◆ AIM OF THE TASK ◆
Where a picture appears, omit it; repeat everything else in the records exactly.

Segment Start: INFORMATION

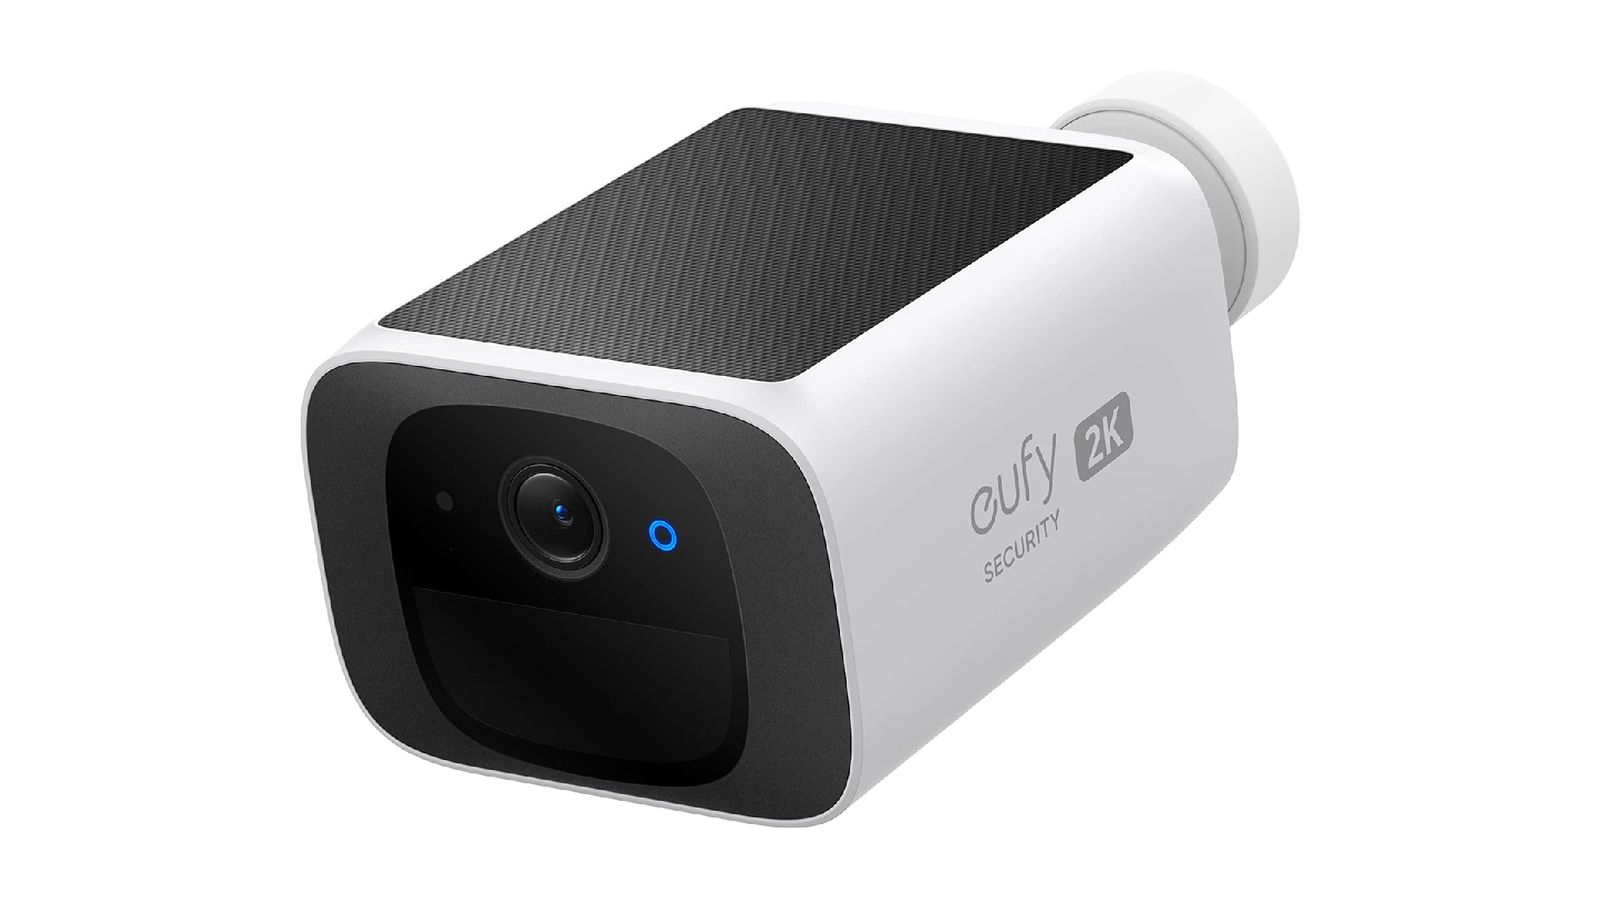 eufy Security SoloCam S220 product image of a white and black mountable security camera.
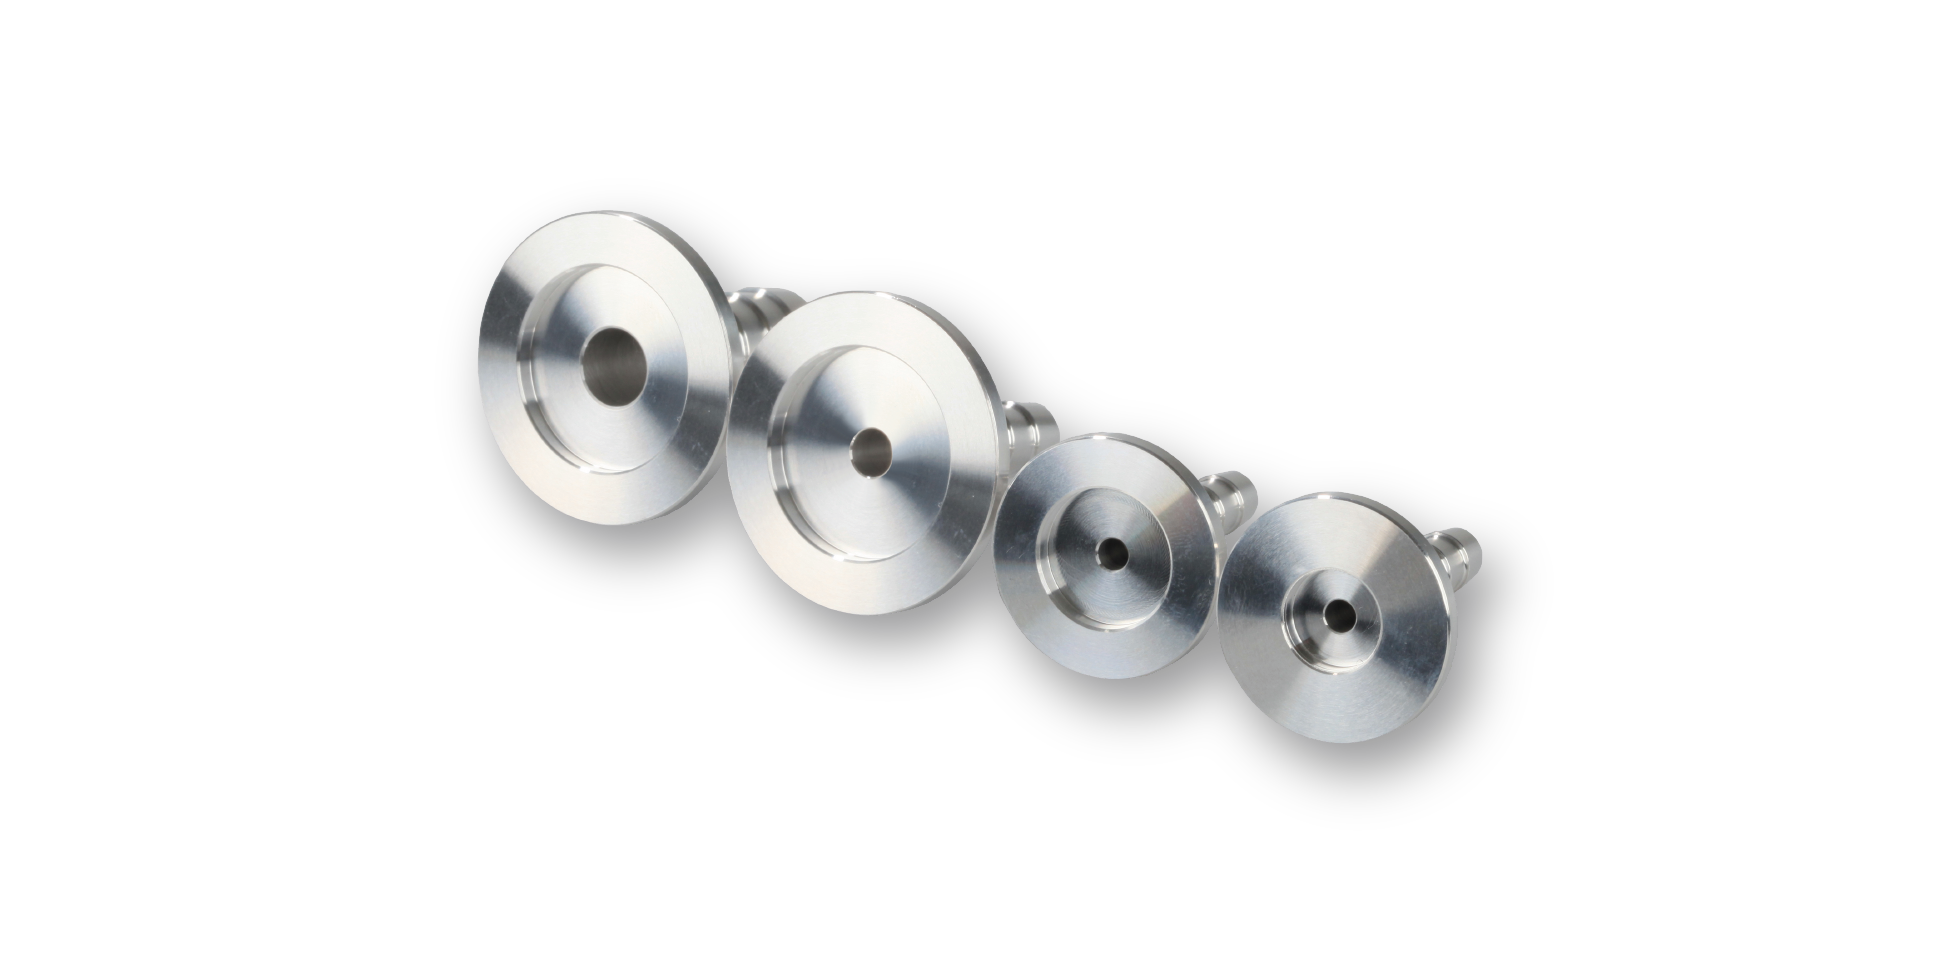 Flanges & other small flange components
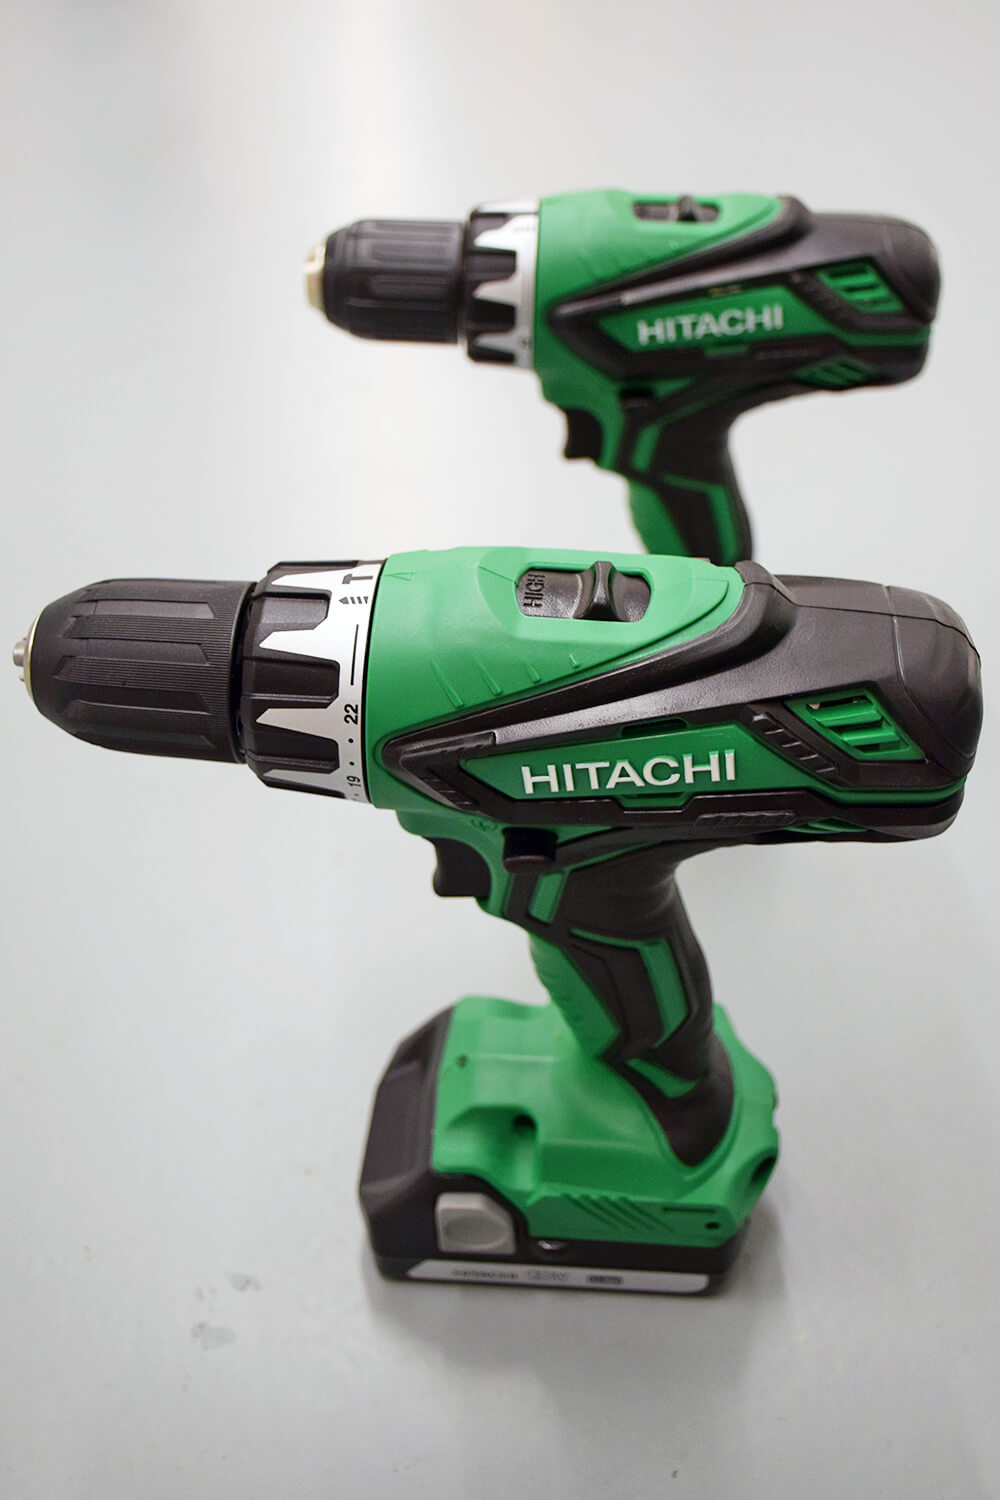 hitachi-18v-combi-and-driver-drill-set-product-review-1
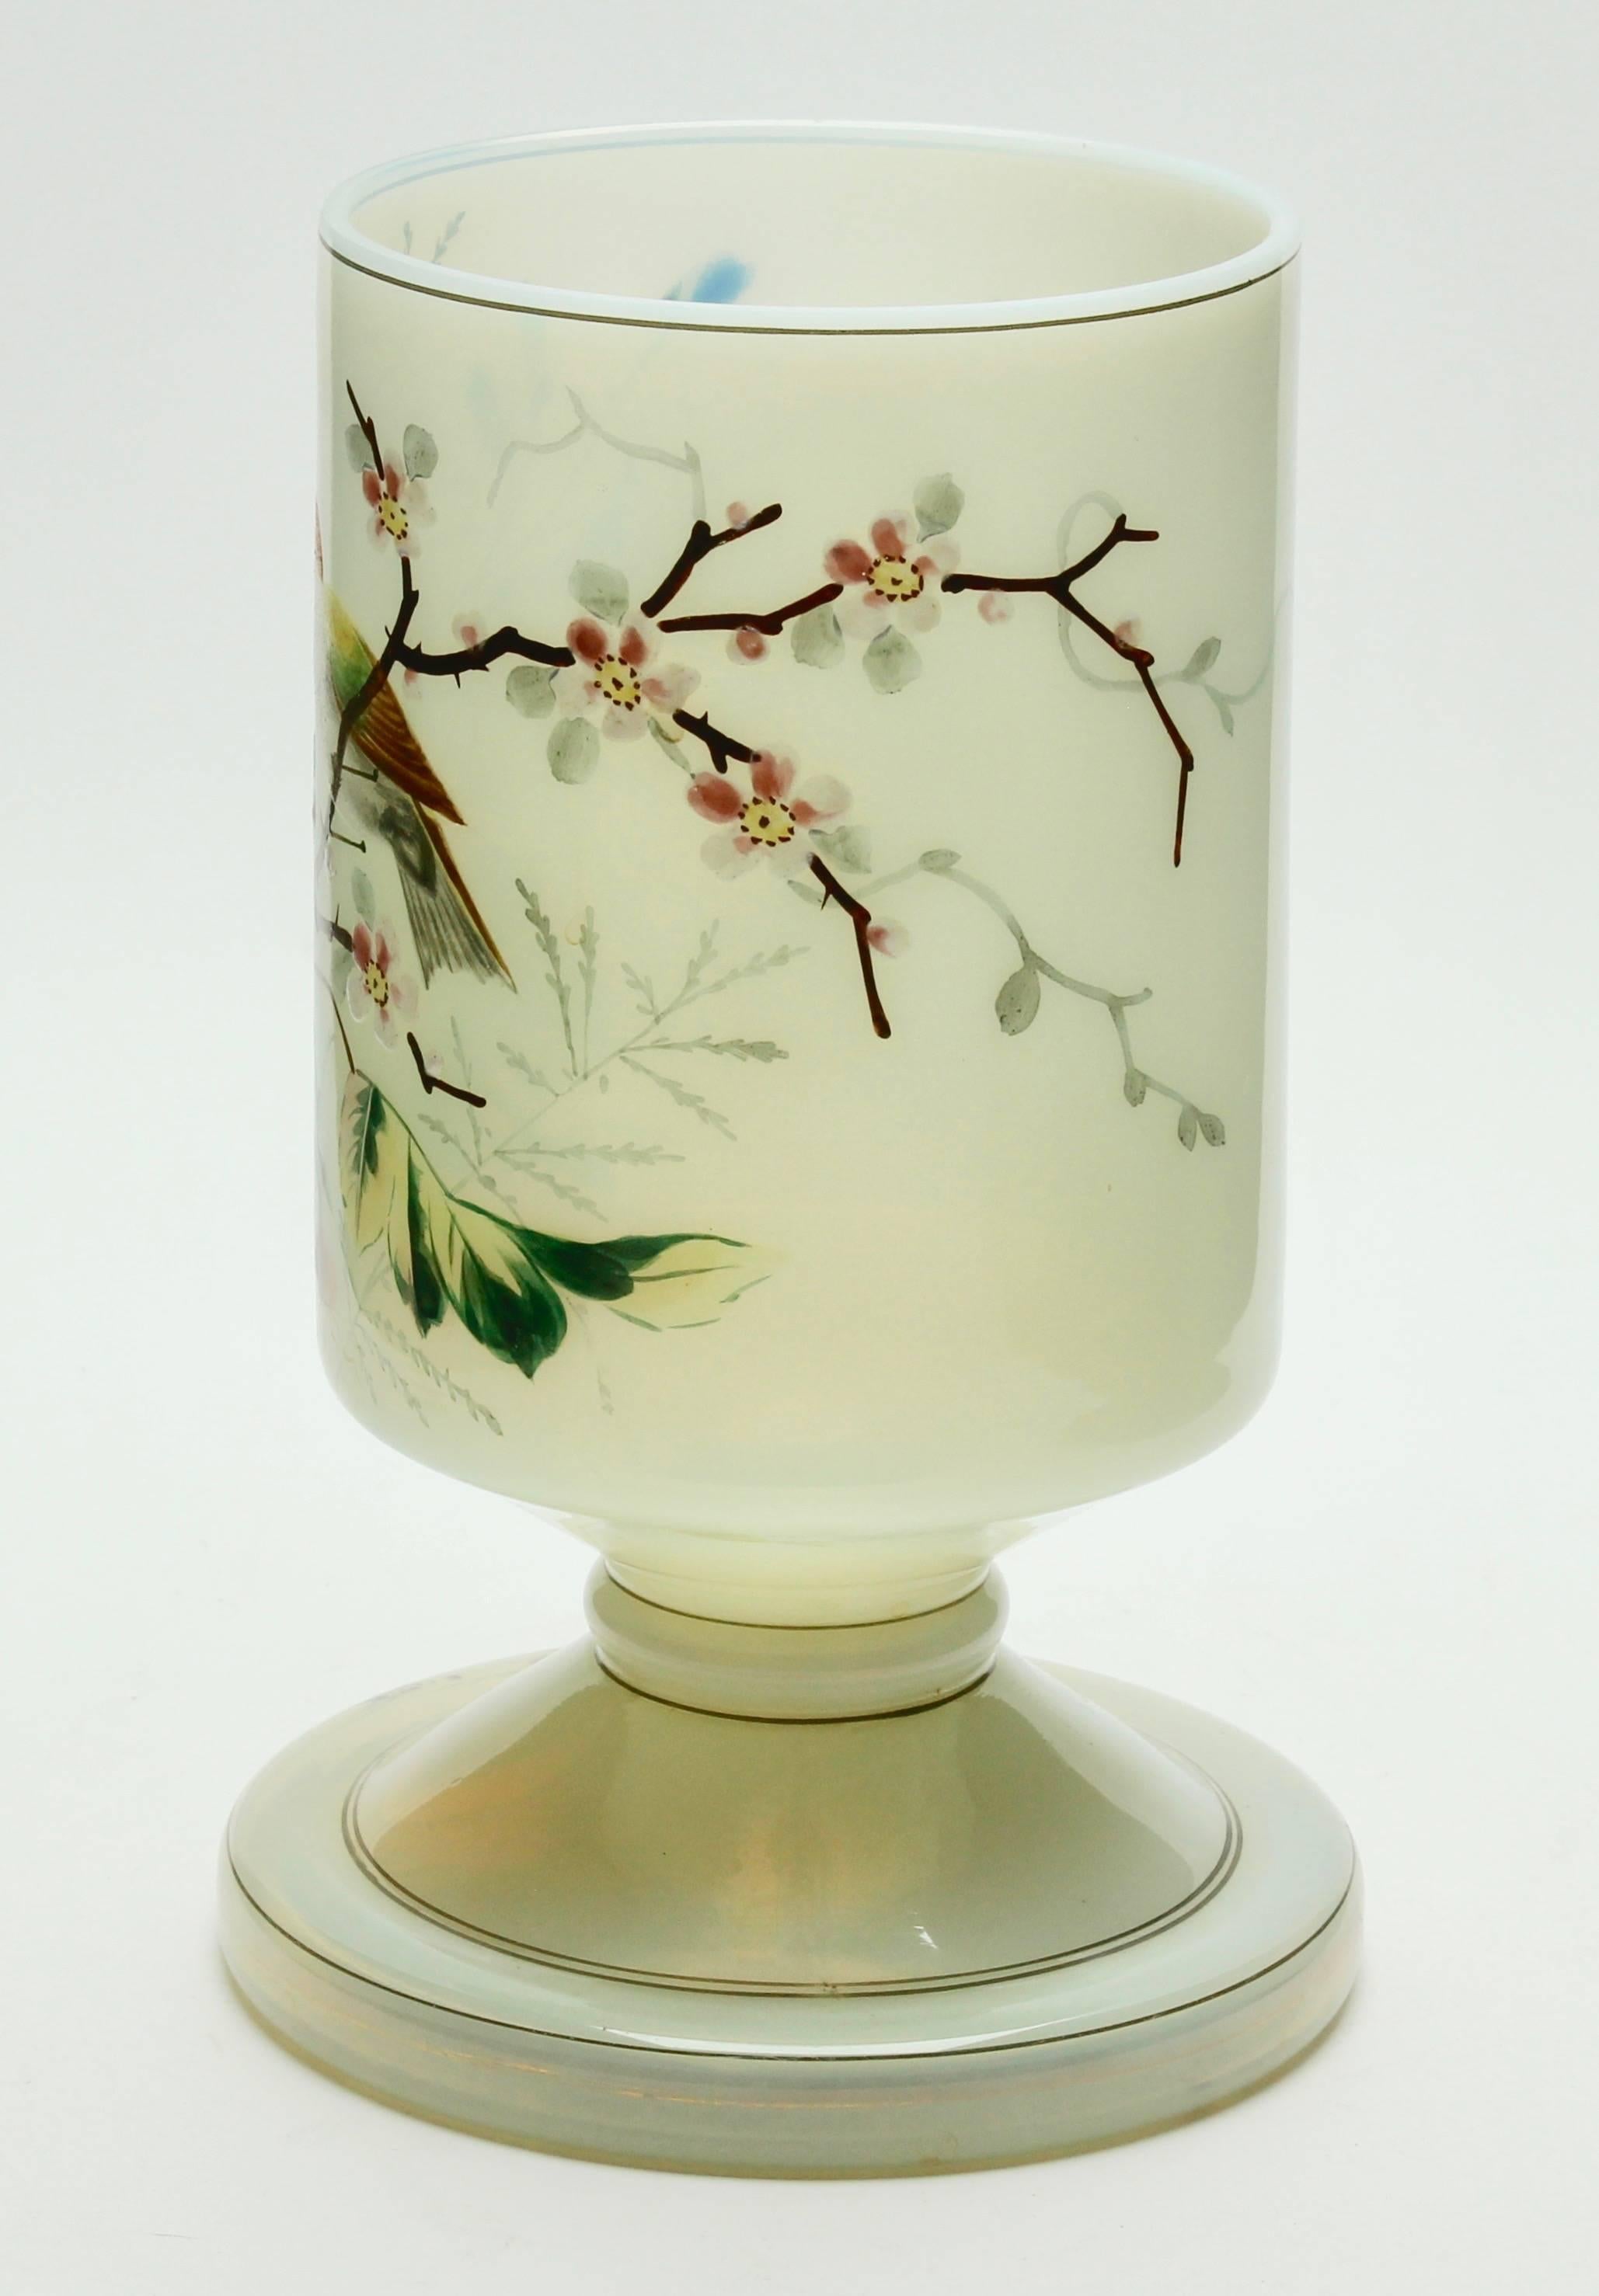 19th century French opaline
Opaline glass is also a decorative style of glass made in France from 1800s-1890s, 
Vase with painted bird and floral decorations.

The piece is in excellent condition and a real

Segment End: INFORMATION

◆ TASK OUTPUT ◆
 eufy Security SoloCam S220 product image of a white and black mountable security camera.
 Flanges & other small flange components
 hitachi-18v-combi-and-driver-drill-set-product-review-1
 19th century French opaline
Opaline glass is also a decorative style of glass made in France from 1800s-1890s, 
Vase with painted bird and floral decorations.

The piece is in excellent condition and a real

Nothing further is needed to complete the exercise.